# 2012 CAAD10-5 Fit Question



## JayR (Aug 12, 2012)

So I just put a deposit on a 2012 CAAD10-5 (matte black) 56cm. I'm 5'10.5" and have longer legs/shortrer torso, male ~160lbs. Here's the thing - I'm not sure if this might be too big for me. I actually haven't ridden a 56 since most of the local stores had only 54 and 52 left. I rode Trek 2.1 and 2.3 at 56cm and they seems correct, but a guy at one LBS said that he thinks I'd be a 56 in cannondale but he'd really have to see me on the bike. 

I probably can't get to see my 56 until the weekend (3 days away) but if I end up needing a 54 then I want him to hold it now. 
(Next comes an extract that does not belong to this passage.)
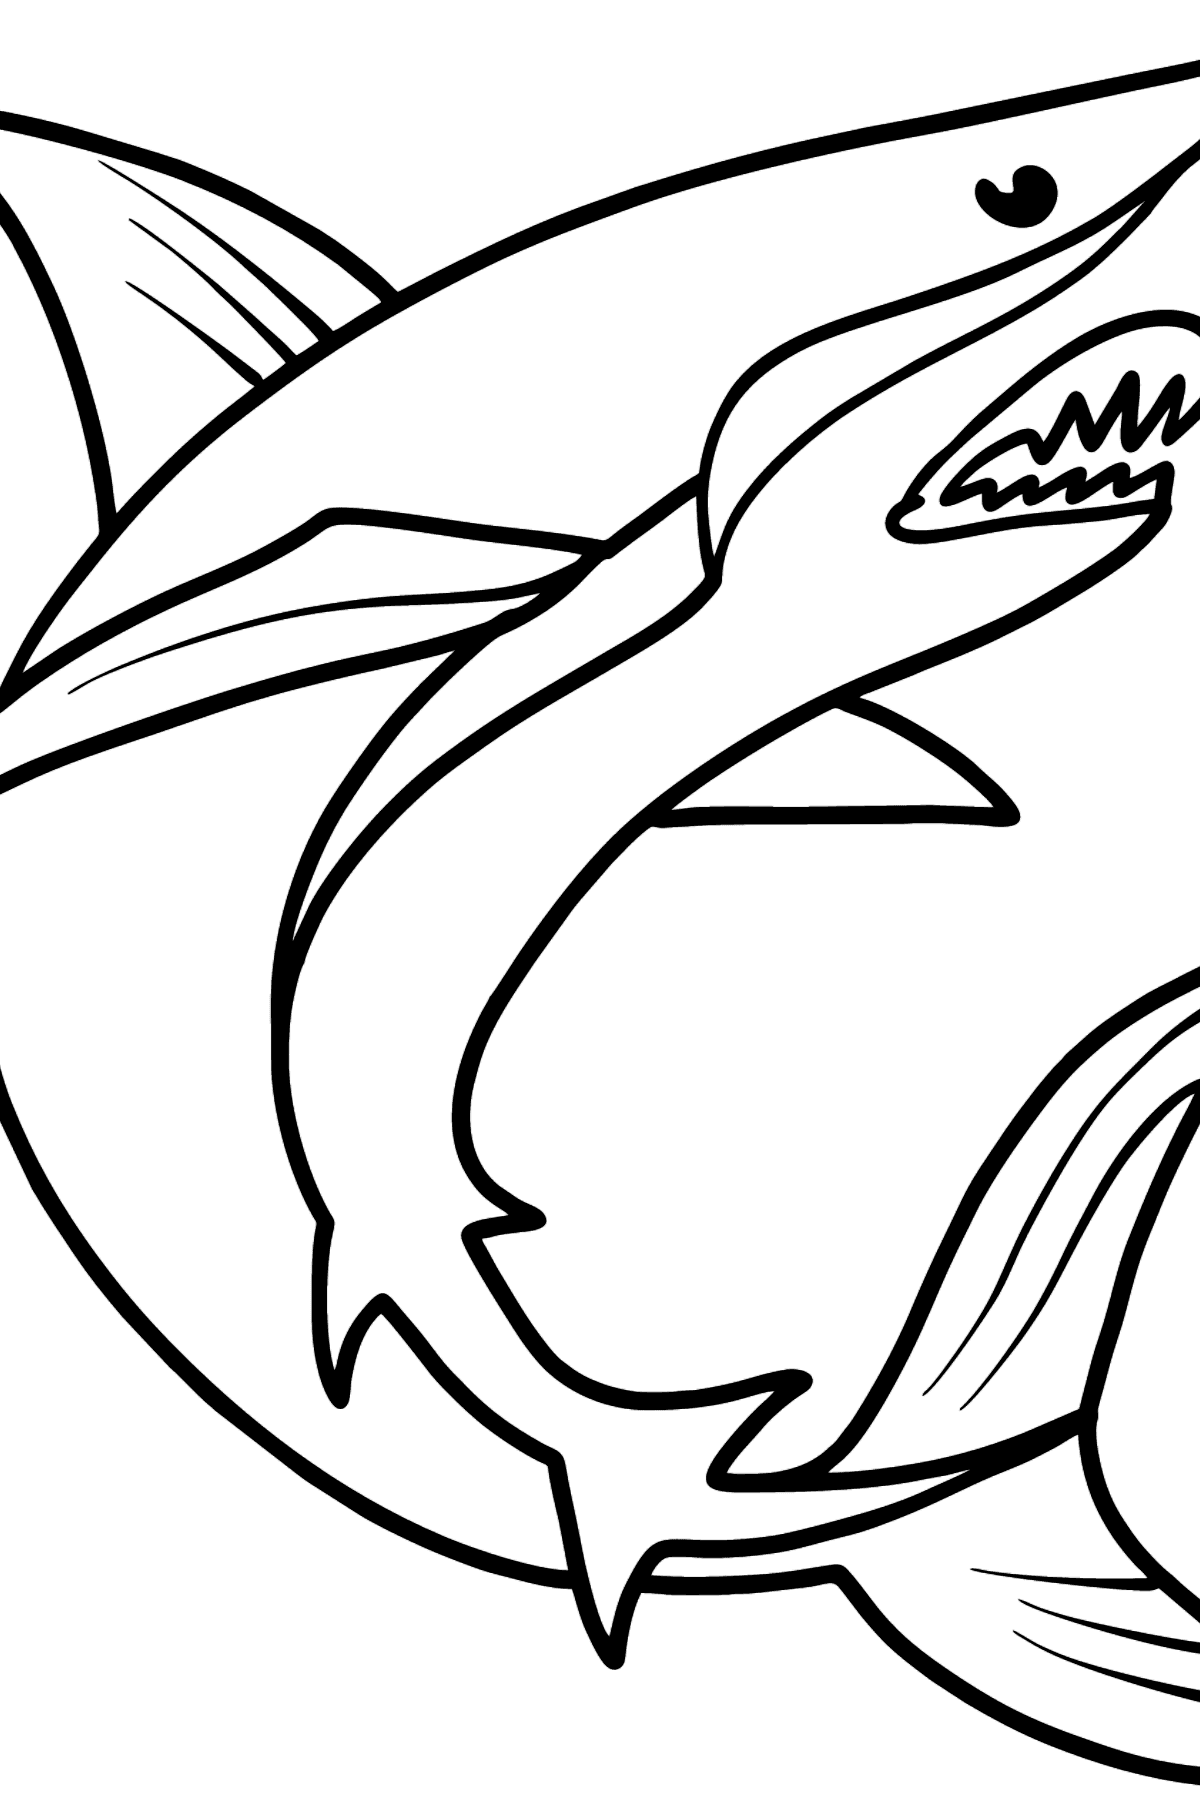 Desenho para colorir de tubarão - Imagens para Colorir para Crianças

Can anyone advise me about fit based on what I've said here? Are the Cannondales really that much taller?


----------



## Pemberton325 (Jun 29, 2012)

I am your size exactly, and I ride a 54, however, I think I could ride a 56, but i wouldnt have as much of a drop in the bars. I have a 54 cm 2012 CAAD 8-5


----------



## bikerjulio (Jan 19, 2010)

I'm 2 1/2" taller, similar proportions and ride a 58cm Cannondale. So 56cm for you sounds about right. If you post the Trek Geo #'s we can compare - their site is non-functional for me right now.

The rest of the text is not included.